Allen was energetic, warm and enthusiastic, if a little self-depreciating with her insistent apologies for smoking. Brits like popstars with vices though and since she stopped binge drinking and slimmed down to pin-up popstrel proportions, it's good to know Lil's still as down to earth as she ever was. She rattled through an extensive and accessible set, her shoop-shoop choruses and hooks giving even the part-time fans ample opportunity to join in, and bounded around the stage with a confidence and exuberance that was wonderful to watch.
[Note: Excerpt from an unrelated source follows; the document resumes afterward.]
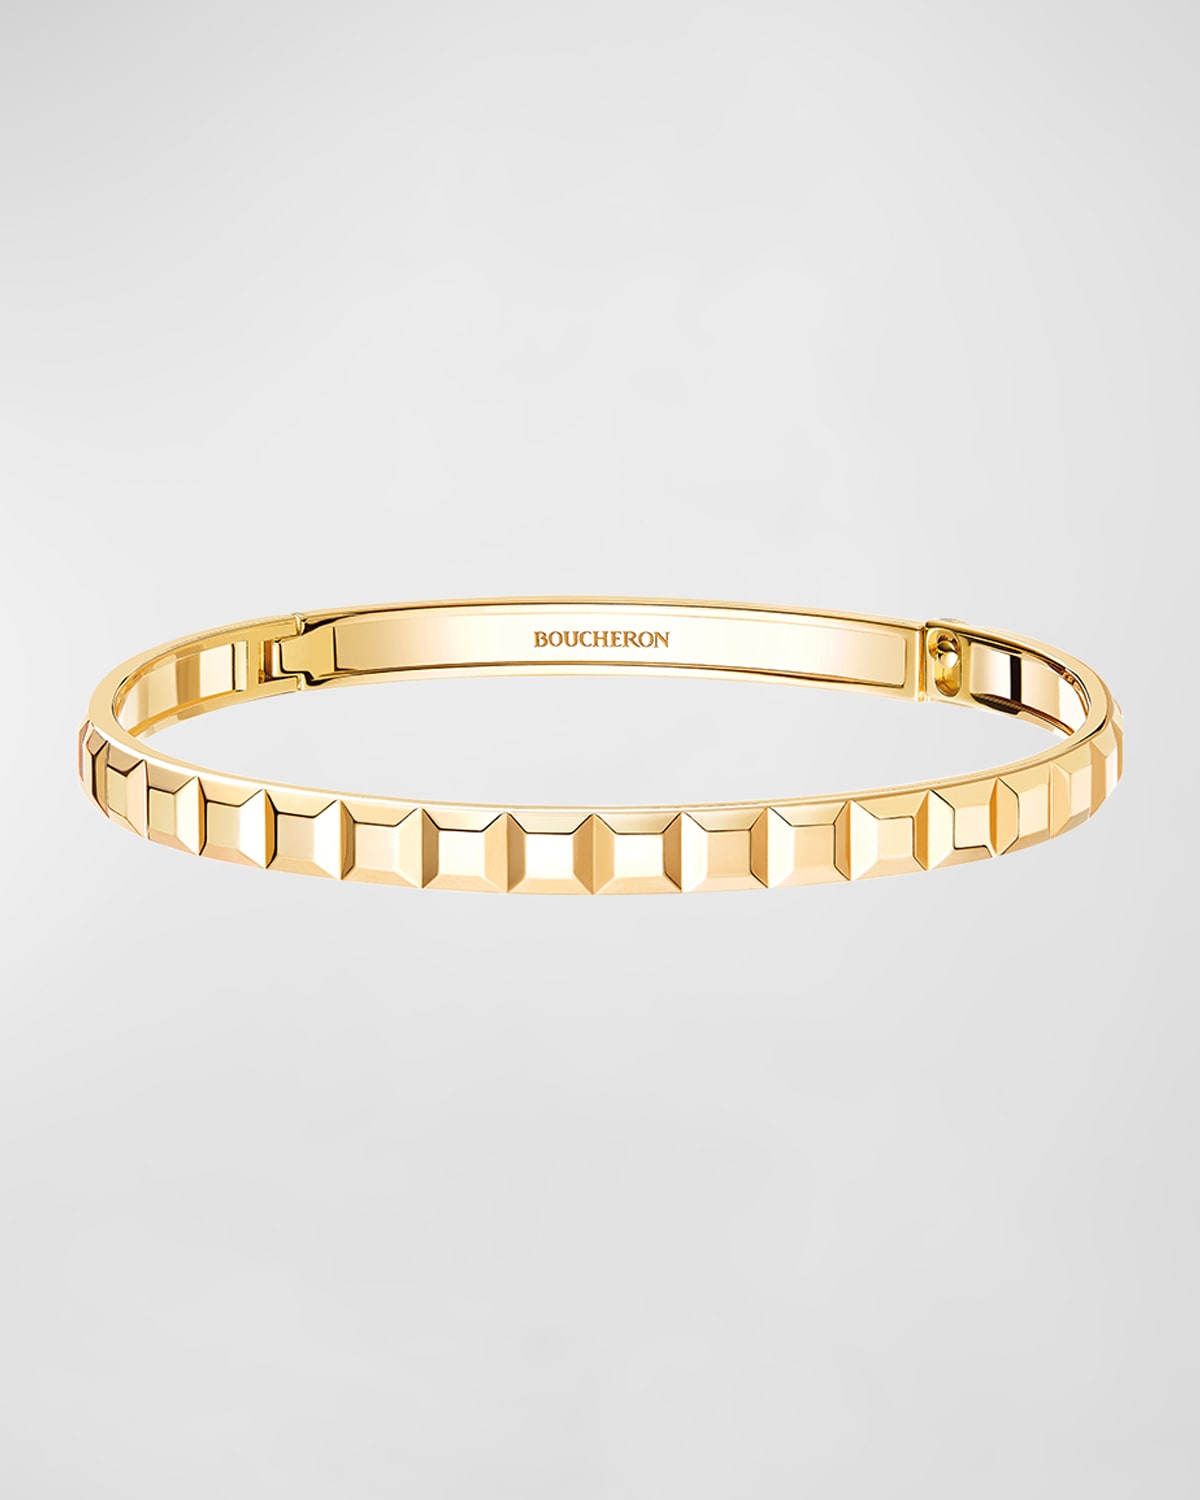 Boucheron Quatre Clou de Paris Bracelet in 18K Yellow Gold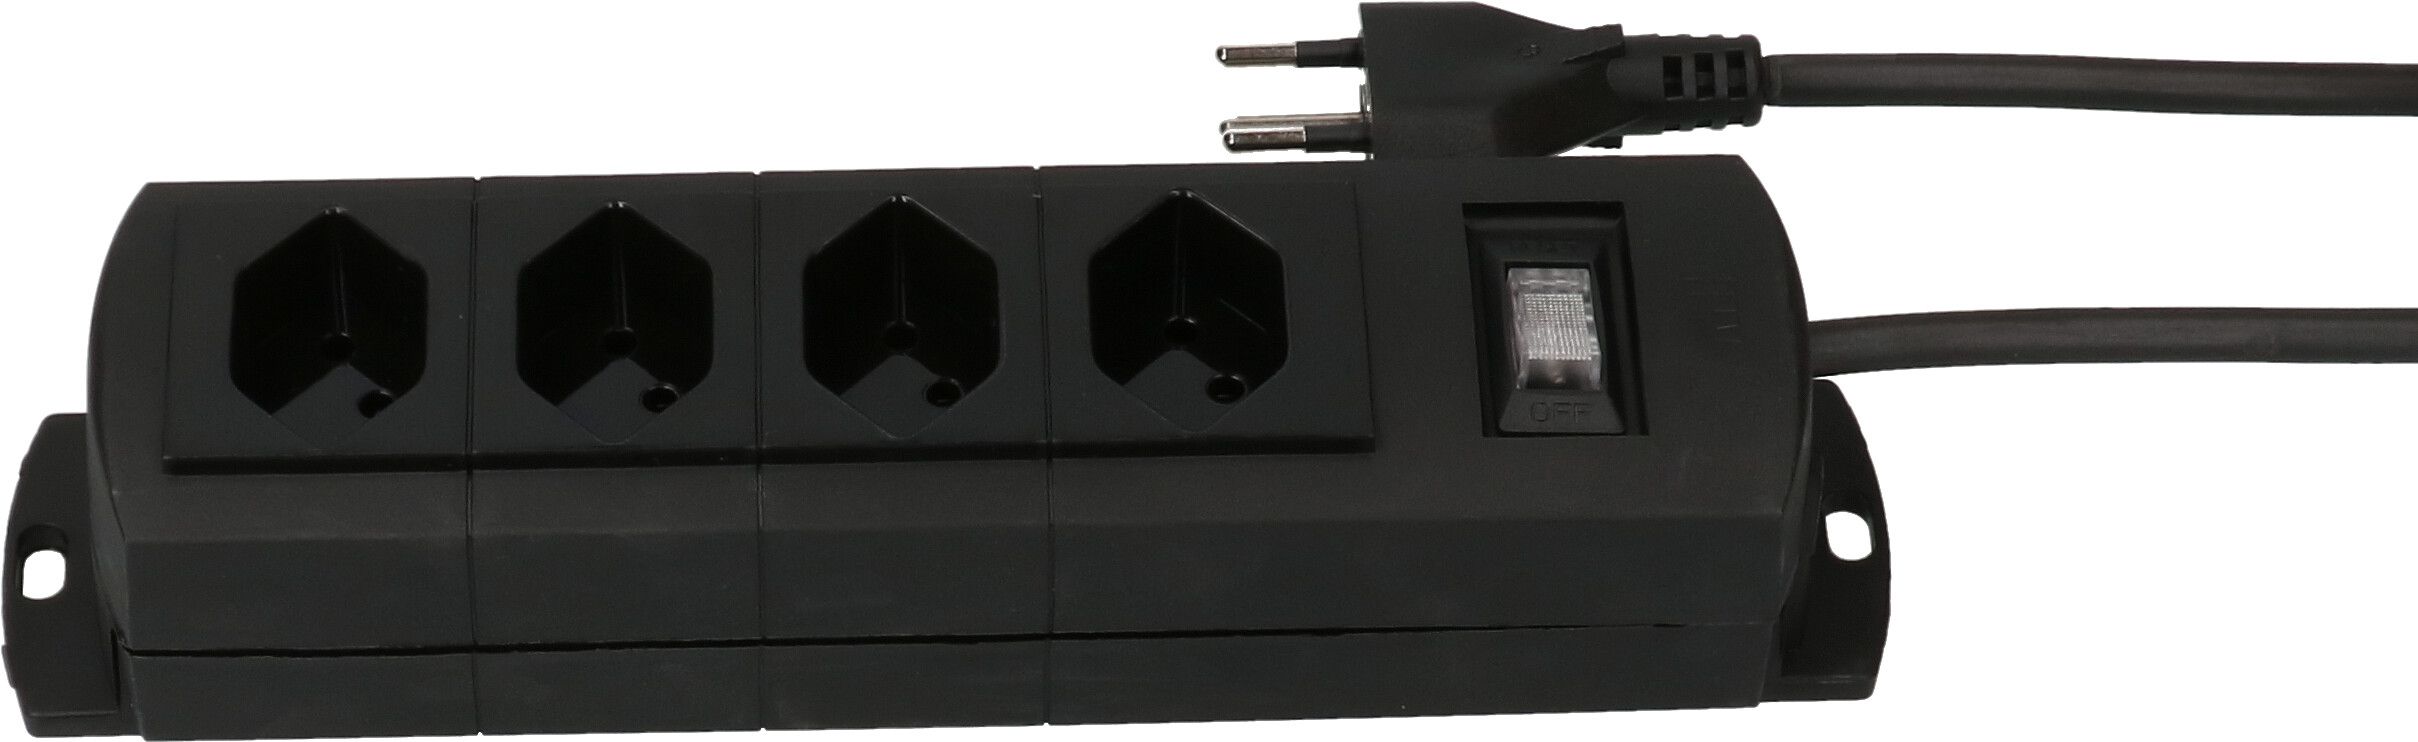 multiprise Prime Line 4x type 13 noir interrupteur 5m

Too often decried as another saccharine and insubstantial female vocalist, Lily Allen is the exception rather than the rule, with a pitch-perfect voice that is happy at both girlishly high octaves and at the low drawl of her mockney sing-speak, not to mention intelligent, witty and aphoristic lyrics, which remain easily decipherable even during a live show. The package makes for a happy audience, waiting to join in with their favourite riffs and the lines that make them laugh. Her fans also seem to take pleasure in the dichotomy between that sweet little voice and some of filth it spouts, as on "Fuck You", a sing-song anti-homophobic totem against George W Bush that the crowd reacted to as if it were "Kum Ba Yah".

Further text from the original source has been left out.